Split QM9 by SMILES
In this example notebook, we will discuss how to use DataSAIL to compute split for the QM9 dataset to compute more challenging splits for machine learning models. Therefore, we first import all necessary tools.
[1]:
%%capture
import deepchem as dc
from rdkit import Chem
from datasail.sail import datasail
Load the Dataset
Load the dataset from deepchem. As the deepchem dataset contains the targets of QM9 as y1 to y12 as well as weights for every task. Therefore, we rename the targets and remove the weights. Finally, we also convert all RDKit molecules to SMILES strings.
[2]:
from rdkit import rdBase
blocker = rdBase.BlockLogs()
def mol2smiles(mol):
try:
return Chem.MolToSmiles(Chem.rdmolops.RemoveHs(mol))
except:
return None
dataset = dc.molnet.load_qm9(featurizer=dc.feat.DummyFeaturizer(), splitter=None)[1][0]

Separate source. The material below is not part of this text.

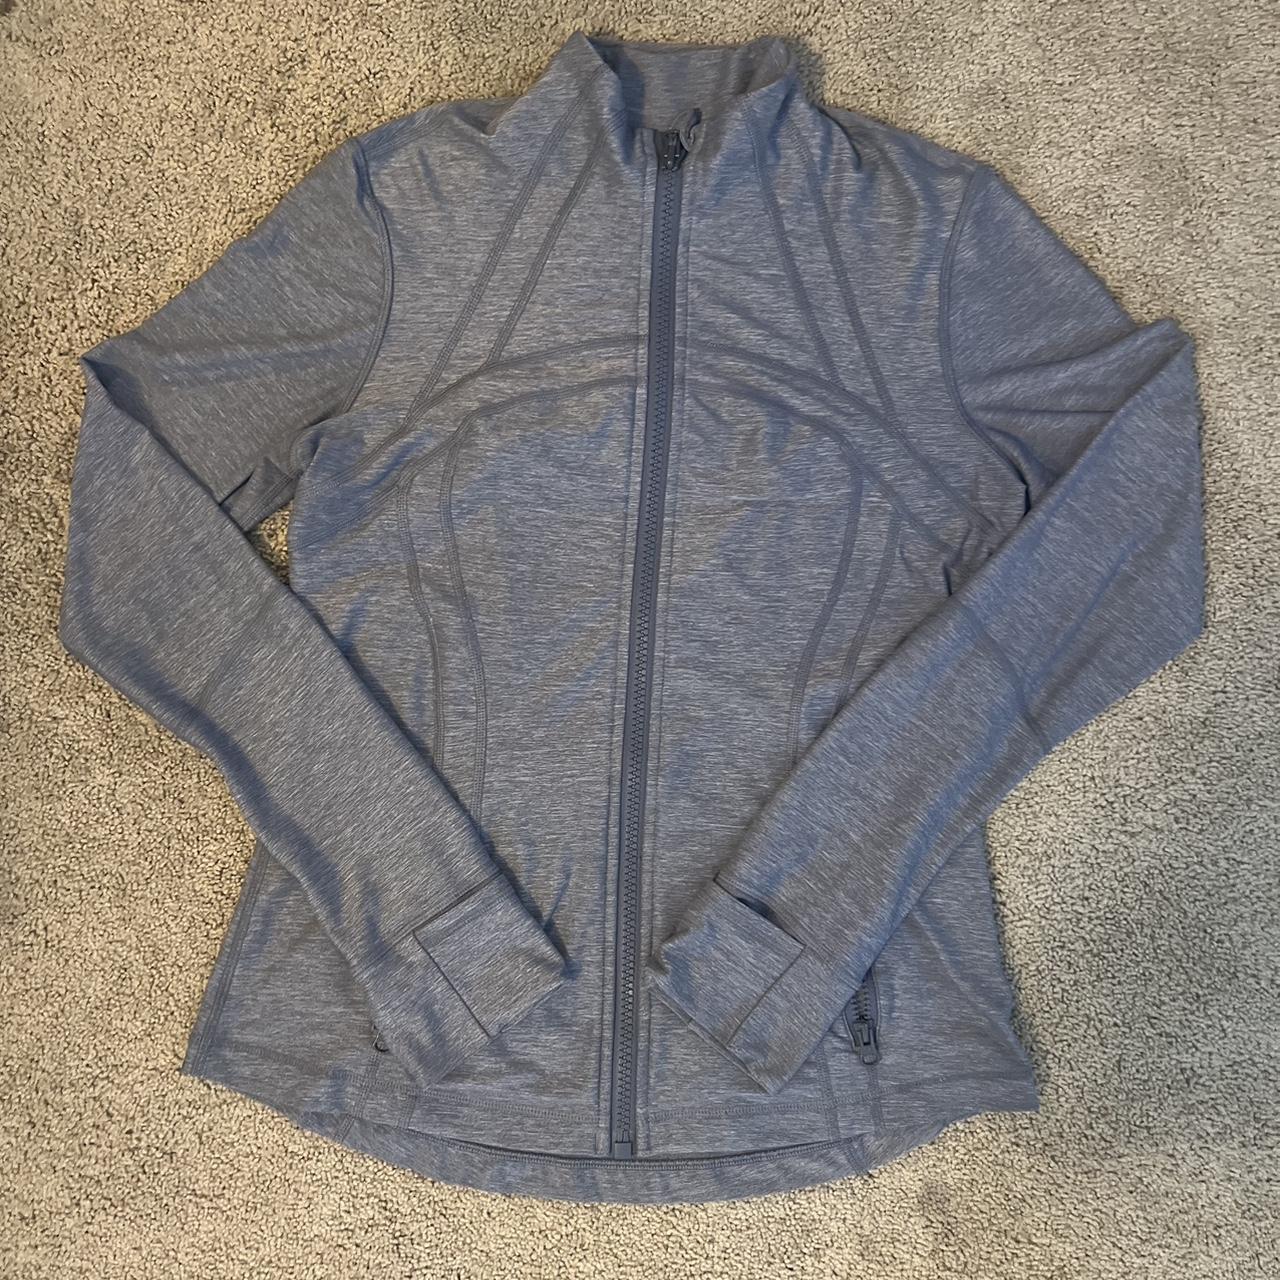 Lululemon jacket size 10. Excellent condition, no - Depop

df = dataset.to_dataframe()
df.rename(columns=dict([(f"y{i + 1}", task) for i, task in enumerate(dataset.tasks)] + [("X", "SMILES")]), inplace=True)
df["SMILES"] = df["SMILES"].apply(mol2smiles)
df = df.dropna(subset=["SMILES"])
df["ID"] = [f"Comp{i + 1:06d}" for i in range(len(df))]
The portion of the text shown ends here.